5. The fluid machine according to claim 4, wherein the fluid machine is further configured to,

the inner diameter D of the cylinder sleeve (20) _{Cylinder sleeve} Diameter d of the outer circle of the cross groove structure (30) _Groove(s) The following are satisfied: d (D) _{Cylinder sleeve} ＝d _Groove(s) +2C1；

Hole diameter D of the center hole (32) _{Limiting the limit} Diameter d with the eccentric part (11) _{Offset of deflection} The following are satisfied: d (D) _{Limiting the limit} ＝d _{Offset of deflection} +2C2。

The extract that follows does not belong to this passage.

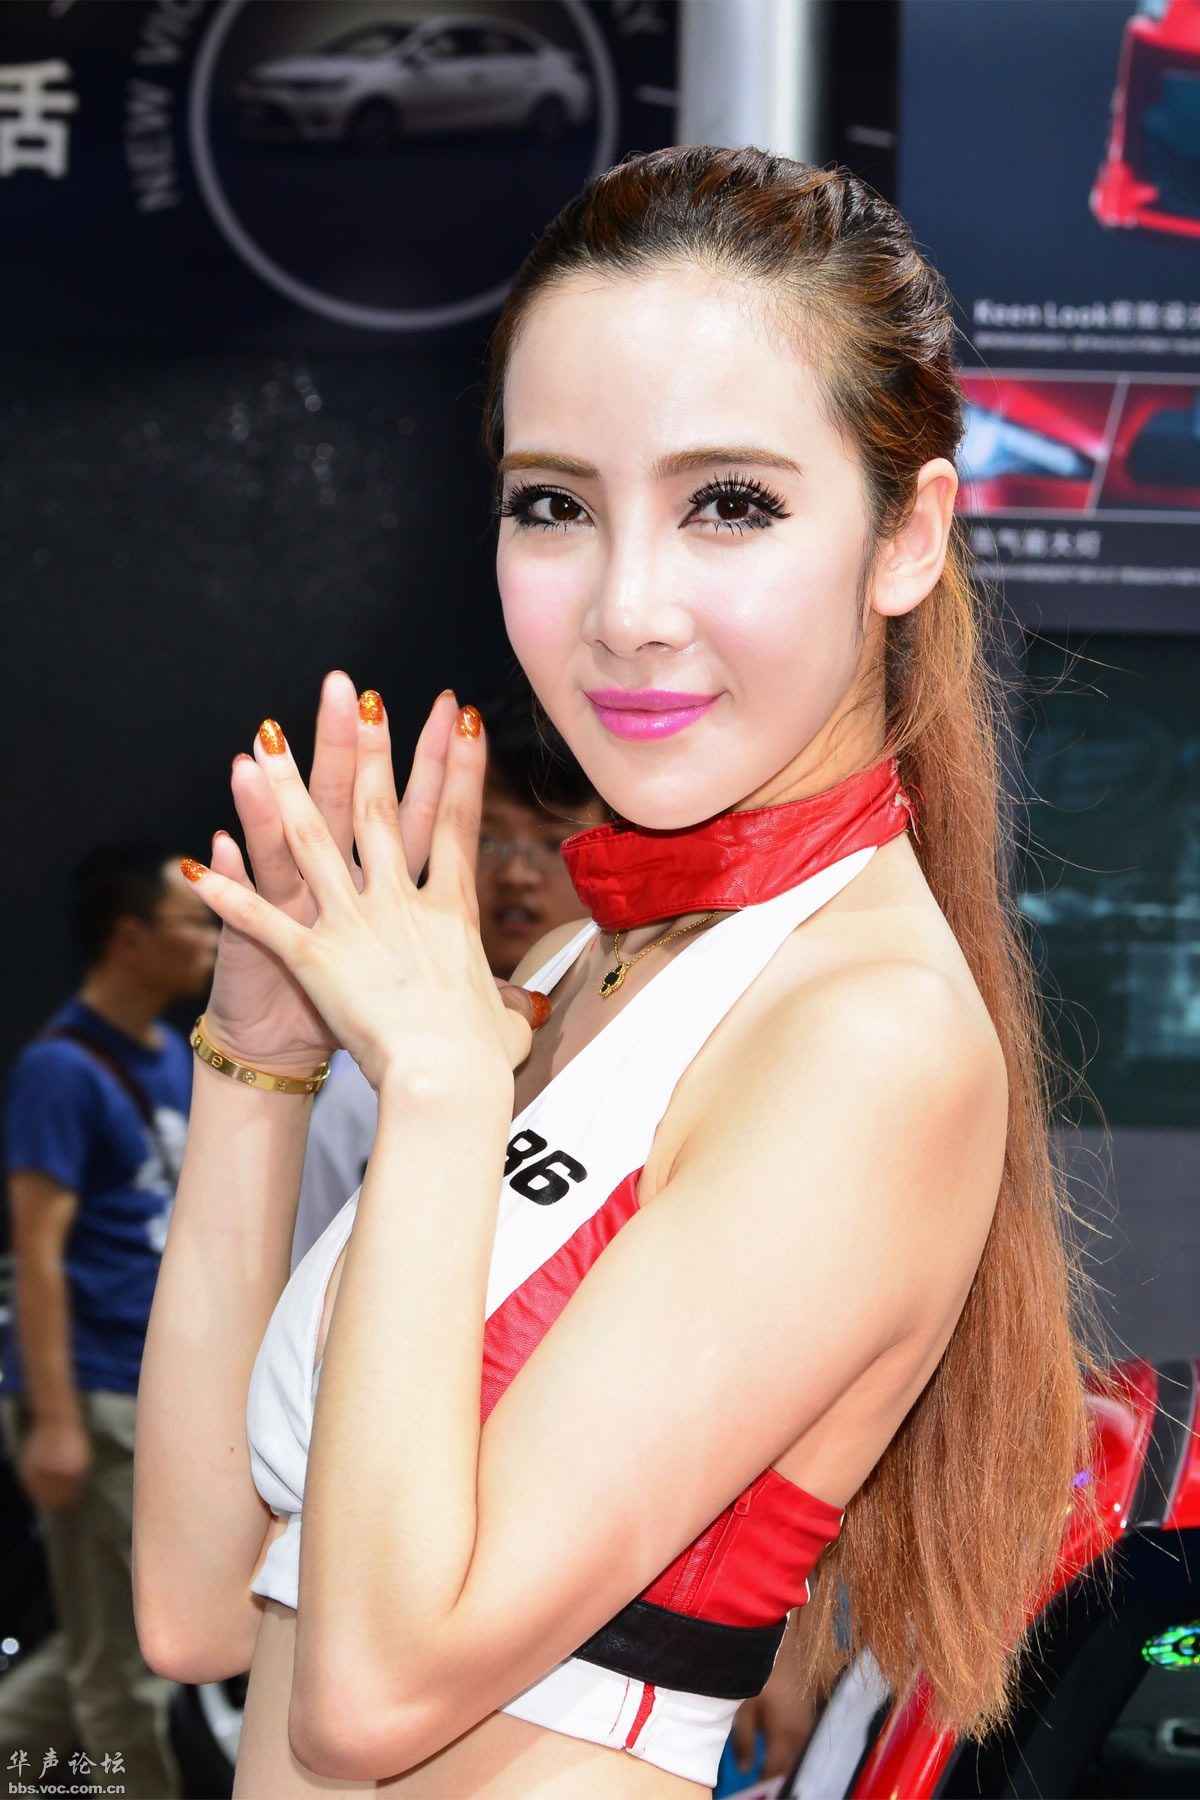 007win-华南-广西自治-北海|爱游戏官网
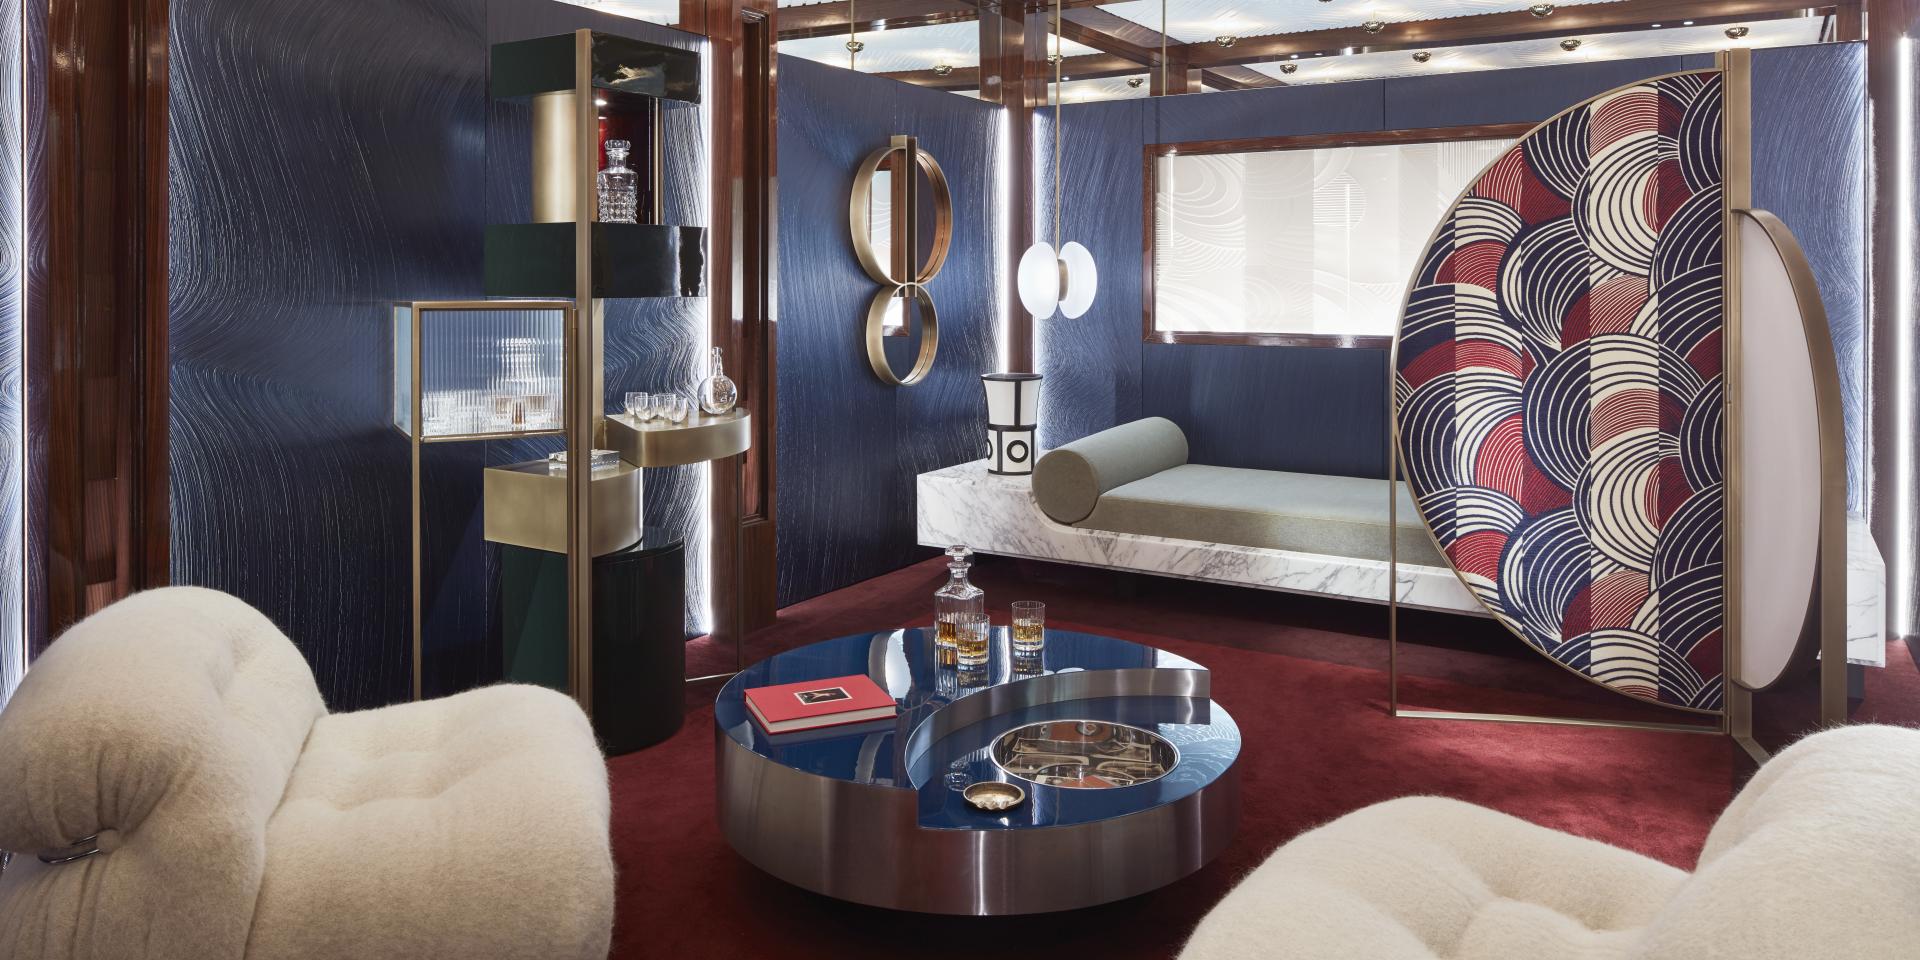 le fumoir noctambule jouffre ateliers cr atifs. Black Bedroom Furniture Sets. Home Design Ideas

6. A fluid machine according to claim 3, wherein,

the sliding block (40) is provided with a pressing surface (42) facing the end part of the limiting channel (31), the pressing surface (42) is used as the head part of the sliding block (40), and the pressing surface (42) faces the variable volume cavity (311);

the extrusion surface (42) is a cambered surface, a sealing distance M is arranged between the top end of the cambered surface and the hole wall surface of the central hole (32), and the sealing distance M periodically changes along with the sliding of the sliding block (40) in the limiting channel (31).

7. The fluid machine of claim 6, wherein the seal distance M has a minimum seal distance M _{Minimum of} The minimum sealing distance M _{Minimum of} The range of (2) is 1-6 mm.

8. The fluid machine of claim 7, wherein the minimum seal distance M _{Minimum of} The range of (2) to (4) mm.

9. The fluid machine of claim 6, wherein the seal distance M has a minimum seal distance M _{Minimum of} The outer circle diameter d of the cross groove structure (30) _Groove(s) Hole diameter D of the center hole (32) _{Limiting the limit} The eccentric amount e of the eccentric part (11) satisfies: d, d _Groove(s) ＝D _{Limiting the limit} +8e+2M _{Minimum of} 。

10. The fluid machine according to claim 1, characterized in that the eccentric portion (11) is cylindrical, the proximal end of the eccentric portion (11) protruding from the outer circumference of the shaft body portion (12) of the crankshaft (10).

11. The fluid machine according to claim 10, characterized in that the protrusion T of the proximal end of the eccentric portion (11) satisfies: t > 0.

12. The fluid machine according to claim 11, characterized in that the protrusion T of the proximal end of the eccentric portion (11) ranges from 0.1 to 2mm.

13. The fluid machine according to claim 10, characterized in that the protrusion T of the proximal end of the eccentric portion (11), the diameter d of the eccentric portion (11) _{Offset of deflection} Diameter d of the shaft body part (12) _Shaft The eccentric amount e of the eccentric part (11) satisfies: d, d _{Offset of deflection} ＝d _Shaft +2e+2T。

14. The fluid machine according to any one of claims 1 to 13, characterized in that the two eccentric portions (11) have a phase difference of a first angle a, the eccentric amounts of the two eccentric portions (11) are equal, and the two limiting channels (31) have a phase difference of a second angle B in the extending direction, wherein the first angle a is twice the second angle B.

15. A heat exchange device comprising a fluid machine, characterized in that the fluid machine is a fluid machine according to any one of claims 1 to 14.